Embarrassed, I apologized — I had thought I was singing inaudibly under my breath — but she shook her head. “No,” she said, “it’s good to see somebody being happy. My mother always used to say that you couldn’t be unhappy if you were singing.”

And maybe that’s not strictly true — it’s possible to work any mood, even negative ones, deeper and more intense by singing the appropriate songs — but in a way it is. When the music comes up spontaneously, when the singing is for the song’s sake, I think there must inevitably be joy in it, the heart lifting with the breath, taking flight. I often find that the songs are a bellweather for my mental state; when they arise, I know that I’m on the right track. And I find that singing them lightens my spirit, dispersing sadness and oppression.
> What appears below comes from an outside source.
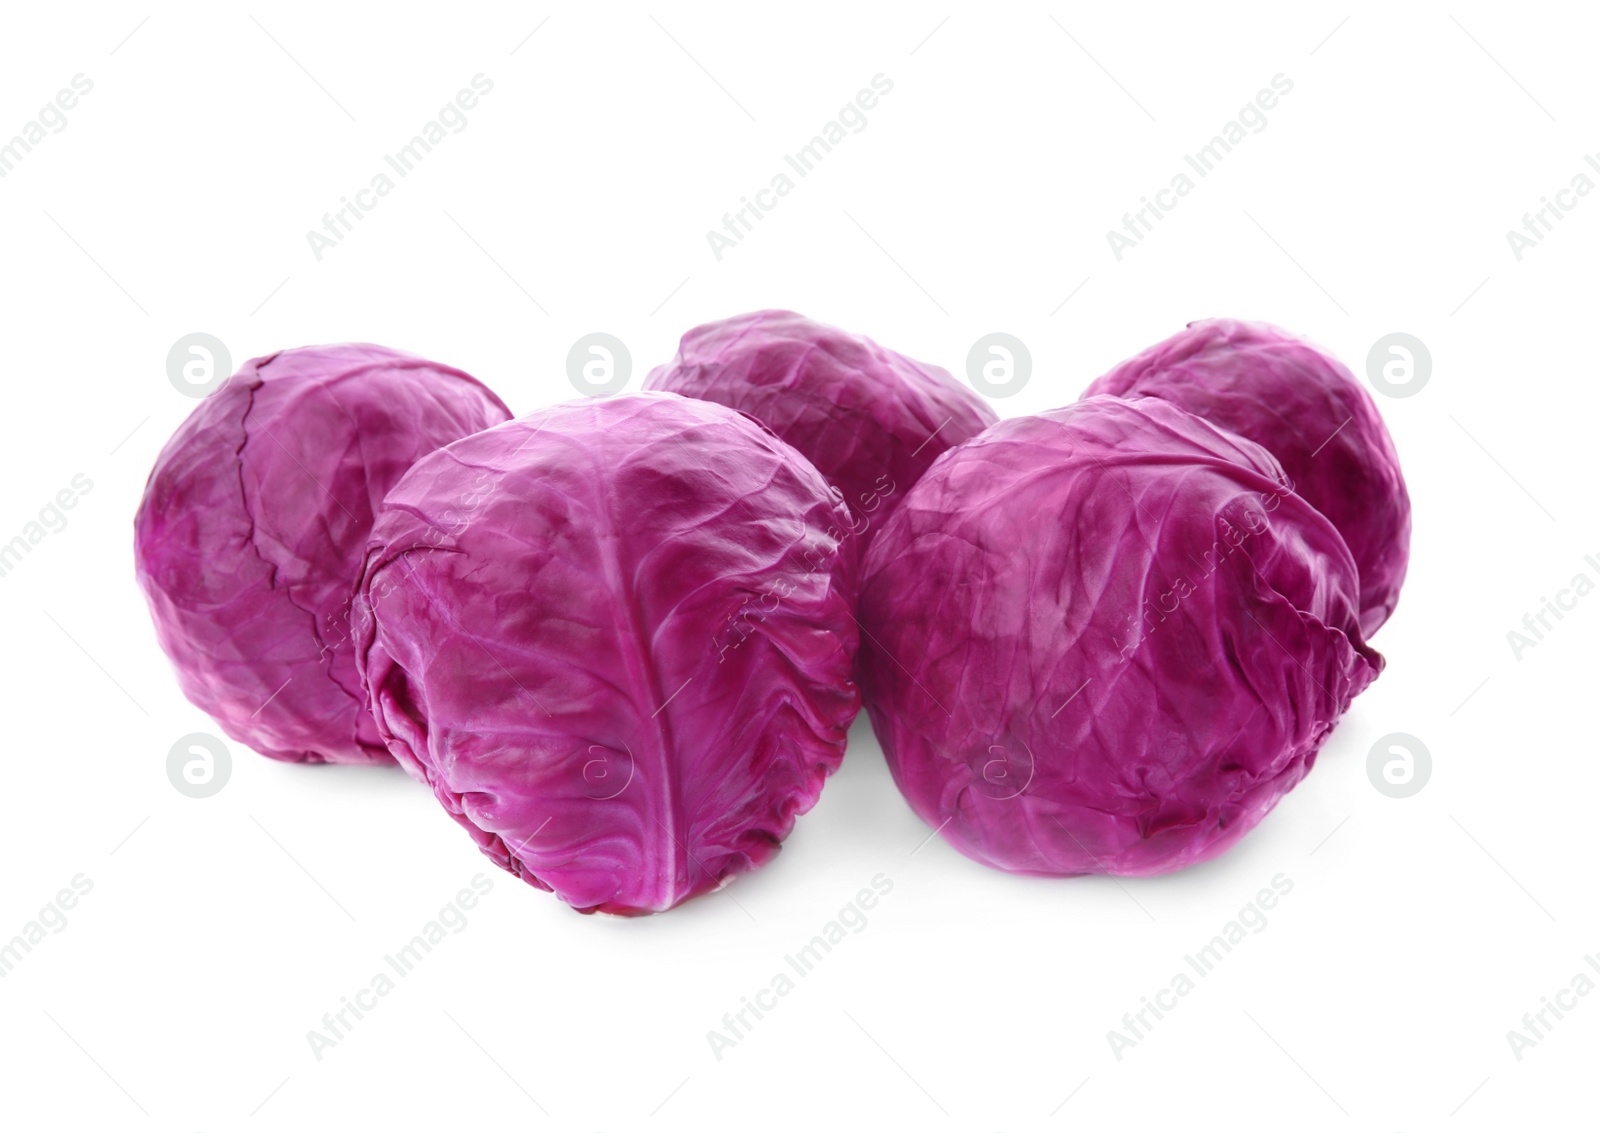 Photo of Whole ripe red cabbages on white background

No wonder then that the Gods love music so very much.

O Netjer, may You be pleased with my offering: the music of praise and the heart that leaps up in delight and love.

February 12, 2009

Out of the tiger dawn

Posted in Creative Fire, Netjeru, The Wild Sky, Thoughts and Reflections at 10:37 am by

A wild morning — high wind; heavy clouds parting to show glimpses of the perfect clarity of the sky beyond; a delicate veil of mist across the hilltops lit up shimmering by the rising amber flame of the sun; and something in the quality of the light catching in last fall’s leaves, on the tawny grass and the bare-branched trees, so that the world took on an orange cast beneath the dark gray, sculptured sky. A tigerish morning, grrr.

The last few days have felt magical, numinous. I don’t know why. The season? The fact that I’m gearing up to work seriously on my Sau studies again? Hormones from my period? For whatever reason, everything seems possible — and then I fall back into one or more of my sludgy bad habits, until I just want to bite myself for stupidity. Zep Tepi — put down the bad, pick up the good, and start again. So here we go.

One of today’s festivals is the Procession of Nesert, flame goddess, Eye of Ra.It brings me back to the idea of fire, tigers, burning. Good old William Blake. A tiger day, or possibly a lynx day — lynx-fierce, lynx-secretive. Way back before I had really discovered Bast or begun studying Kemet, my personal pantheon included a goddess Who I knew only as the Lady of the Secret Inner Flame. I think now that She was, in fact, Bast. And Bast, of late, has been giving me tiny reminders: Take time for yourself. Be more secret. Out of the hidden, out of the inward, out of the mysterious unseen, the soul is restored to life and creativity arises, like the Bennu bird, singing.

Blue sky now, faint sunlight, and the wind a crazed tea-kettle shrieking past my window. There’s a place I want to go to at lunchtime — the top of the wooded slope looking out over the lake, a place of water and trees and stone and wind and sky, as close as I can get to hilltop or mountaintop on a half-hour walk. The path there has been closed for some kind of construction for months; I’ll have to see if it’s open today, or at least accessible. And then — who knows?